To install the latest stable release of the package, run the following command in your terminal:
pip install symbolic-regression-toolkit
Alternatively, you can install the latest build directly from the repository with the command (Recommended):
pip install git+https://github.com/smeznar/SymbolicRegressionToolkit
SRToolkit offers fundamental utilities for working with mathematical expressions as tokens, trees, and executable code—the building blocks for any SR approach.
import numpy as np
from SRToolkit.utils import expr_to_executable_function, tokens_to_tree, SymbolLibrary, expr_to_latex
# Create an executable function from the expression
expr = expr_to_executable_function(["X_0", "+", "X_1", "*", "C"])
# Calculate the output at two points (1, 2) and (2, 5) with C=3
data_points = np.array([[1, 2], [2, 5]])
constants = [3]
output = expr(data_points, constants)
# Variable "output" should now contain np.array([7, 17])
# Create a SymbolLibrary defining the symbol space for 2 variables
sl = SymbolLibrary.default_symbols(num_variables=2)
# Create an expression tree from the token list
expr_tree = tokens_to_tree(["X_0", "+", "X_1", "*", "C"], sl)
# Transform the expression into a list of symbols in postfix notation
postfix_expr = expr_tree.to_list(notation="postfix")

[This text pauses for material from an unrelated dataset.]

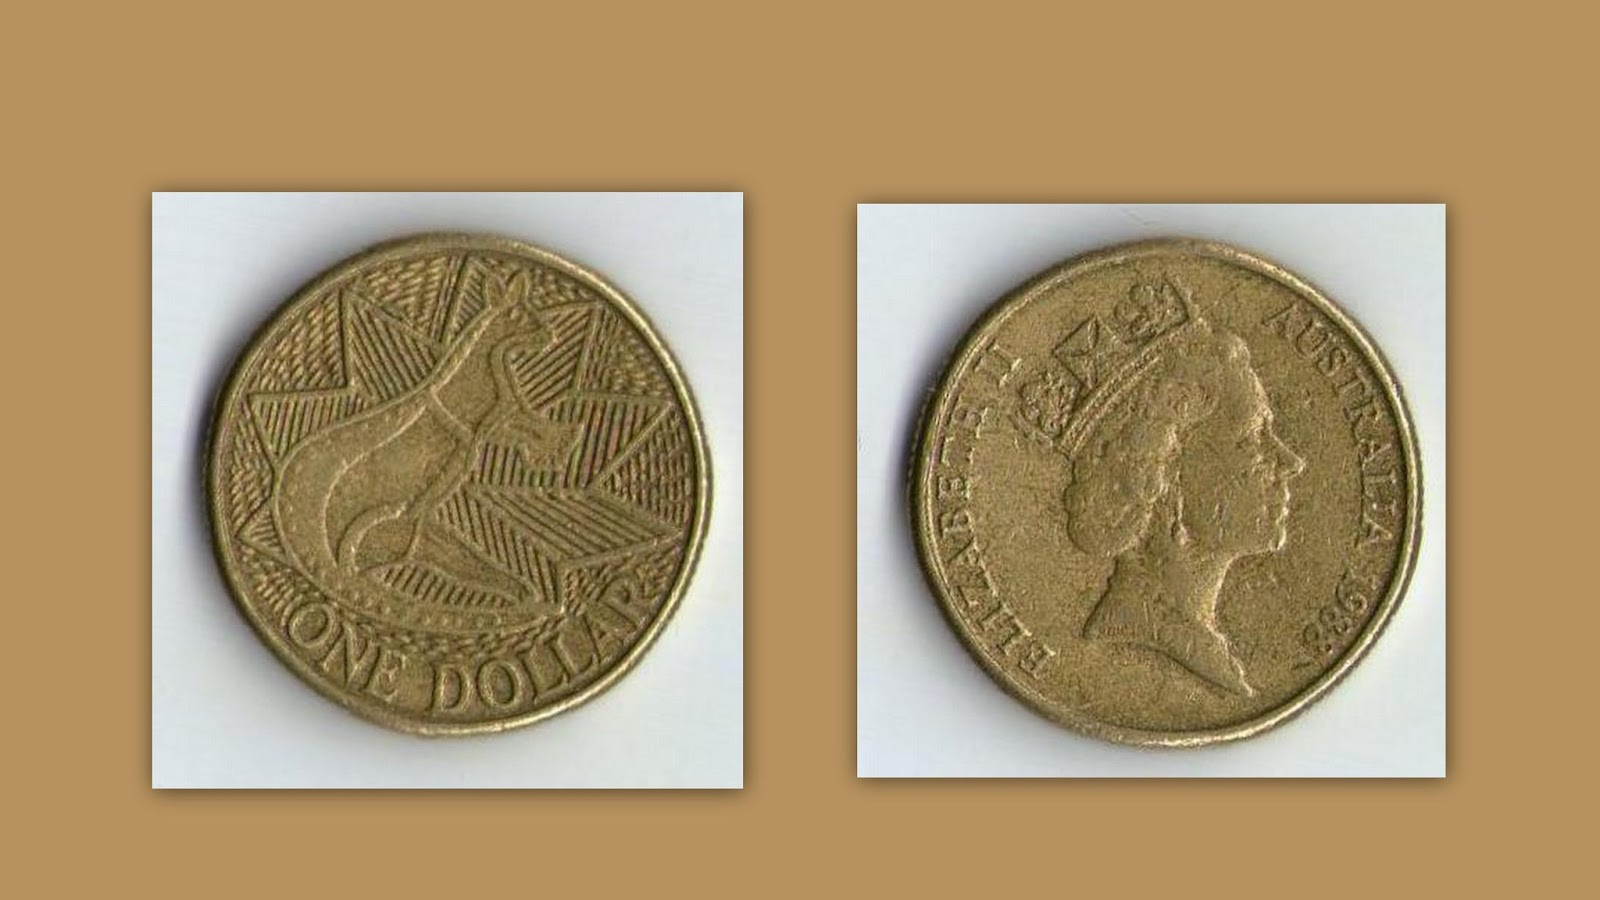 Australia 1988 Elizabeth Ii 1 Dollar Commemorative Coin 200 Years Of Australian Bicentary

# Create a LaTeX string of the expression for clear presentation
expr_latex = expr_to_latex(expr_tree, sl)The primary advantage of SRToolkit is its robust benchmarking framework, allowing you to quickly evaluate and compare different Symbolic Regression approaches.
from SRToolkit.approaches import EDHiE, ProGED
from SRToolkit.dataset import Feynman
from SRToolkit.evaluation import LoggingCallback
from SRToolkit.experiments import ExperimentGrid
# Load the Feynman benchmark and pick two 2-variable datasets to run on.
bm = Feynman()
ds_names = bm.list_datasets(num_variables=2, verbose=False)
dataset1 = bm.create_dataset(ds_names[0])
dataset2 = bm.create_dataset(ds_names[1])
# Define the SR approaches to benchmark.
# EDHiE requires a pre-trained/adapted model state; ProGED needs no time consuming adaptation.
edhie = EDHiE()
proged = ProGED()
# Map each (approach, dataset) pair to a file where the adapted model state will
# be saved. Both datasets reuse the same file here because they share the same
# number of variables, so one adapted state covers both.
adapted_states = {edhie.name: {ds_names[0]: "adapted_state_2_vars.pt", ds_names[1]: "adapted_state_2_vars.pt"}}
# Build the experiment grid: every combination of approach × dataset will be run
# num_experiments times (with different random seeds). Results are written under
# results_dir, specifically to "results_dir/{dataset}/{approach}/exp_{seed}.json".
eg = ExperimentGrid(
approaches=[proged, edhie],
datasets=[dataset1, dataset2],
num_experiments=2,
results_dir="../results/",
adapted_states=adapted_states,
)
# Write a shell script of CLI commands that can be executed in parallel, e.g.:
# cat commands.sh | parallel -j 4
eg.save_commands("commands.sh")
# Run adaptation for any approach/dataset pair whose adapted state file is missing.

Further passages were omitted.